## Requirement
Write out the whole listing below exactly, skipping each picture.

## Input data

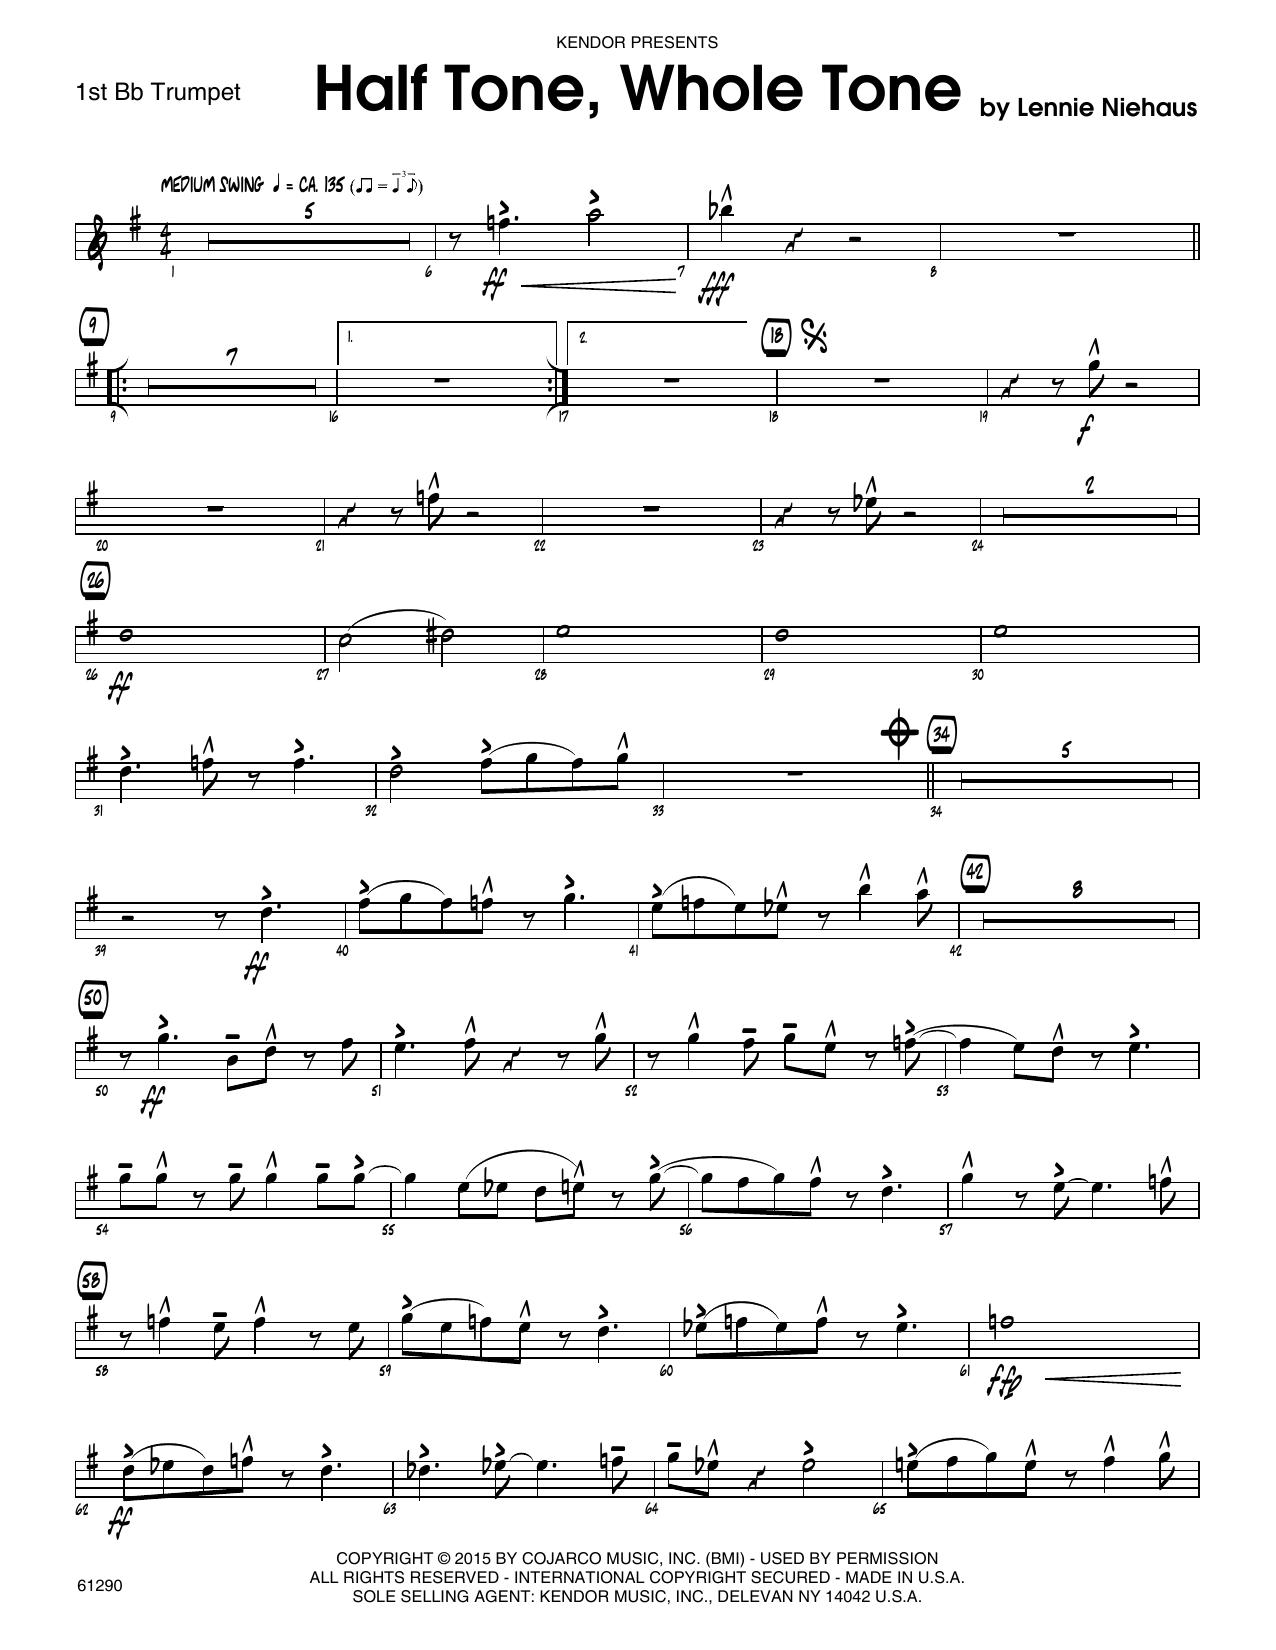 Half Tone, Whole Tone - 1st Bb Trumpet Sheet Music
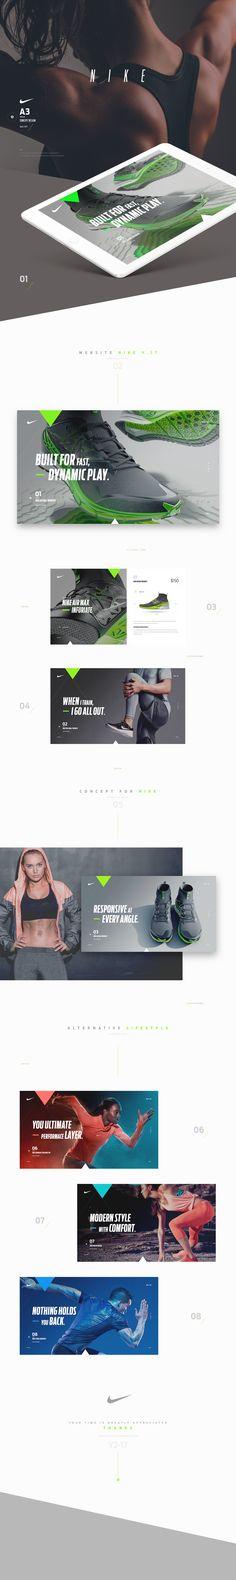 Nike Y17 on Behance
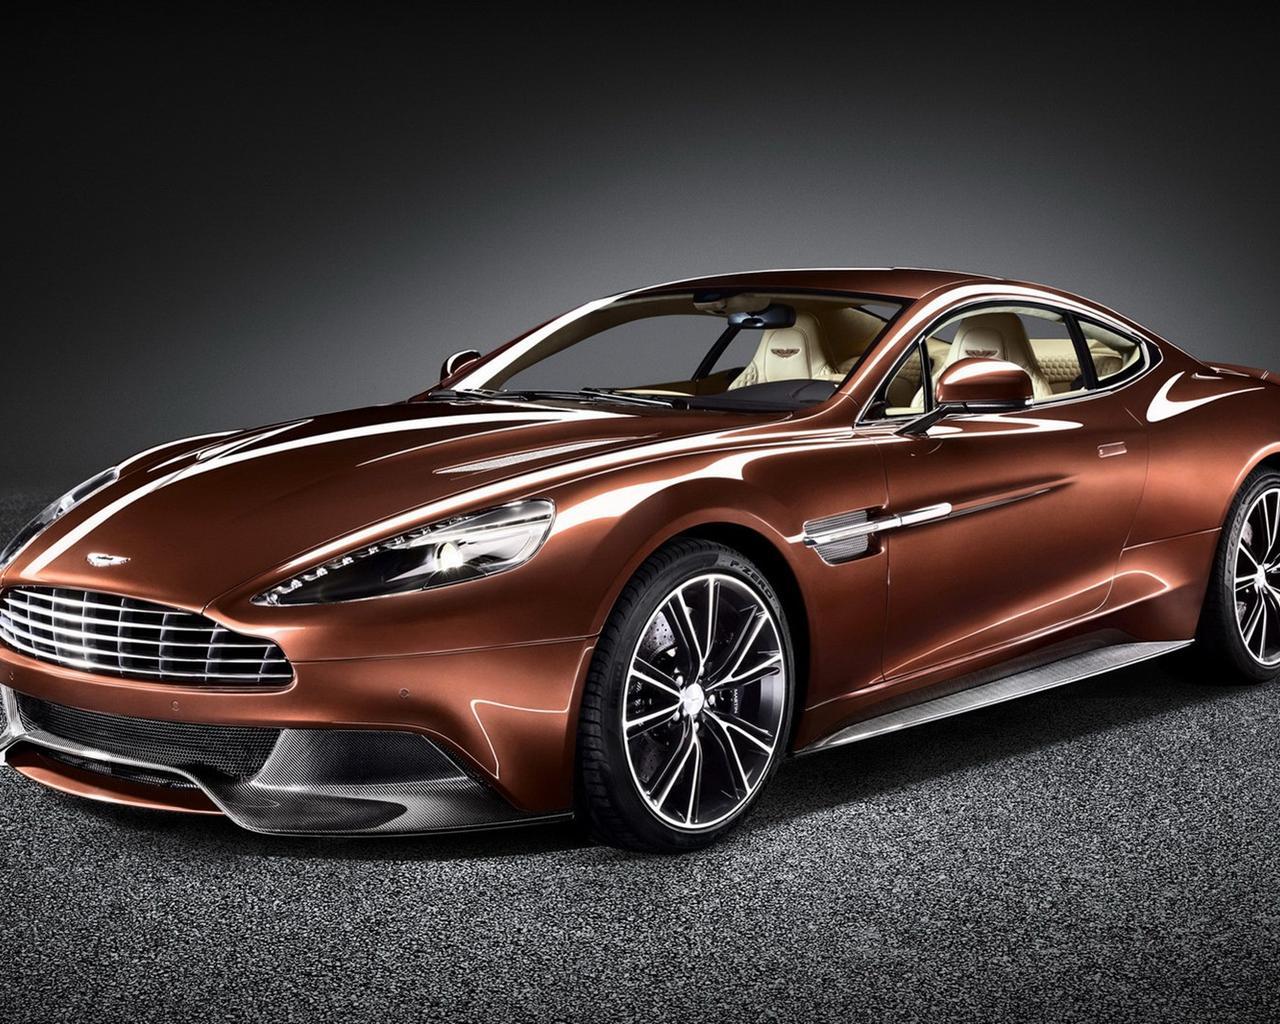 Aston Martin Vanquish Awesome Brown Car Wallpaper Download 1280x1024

## Answer for this exercise
 Half Tone, Whole Tone - 1st Bb Trumpet Sheet Music
 Nike Y17 on Behance
 Aston Martin Vanquish Awesome Brown Car Wallpaper Download 1280x1024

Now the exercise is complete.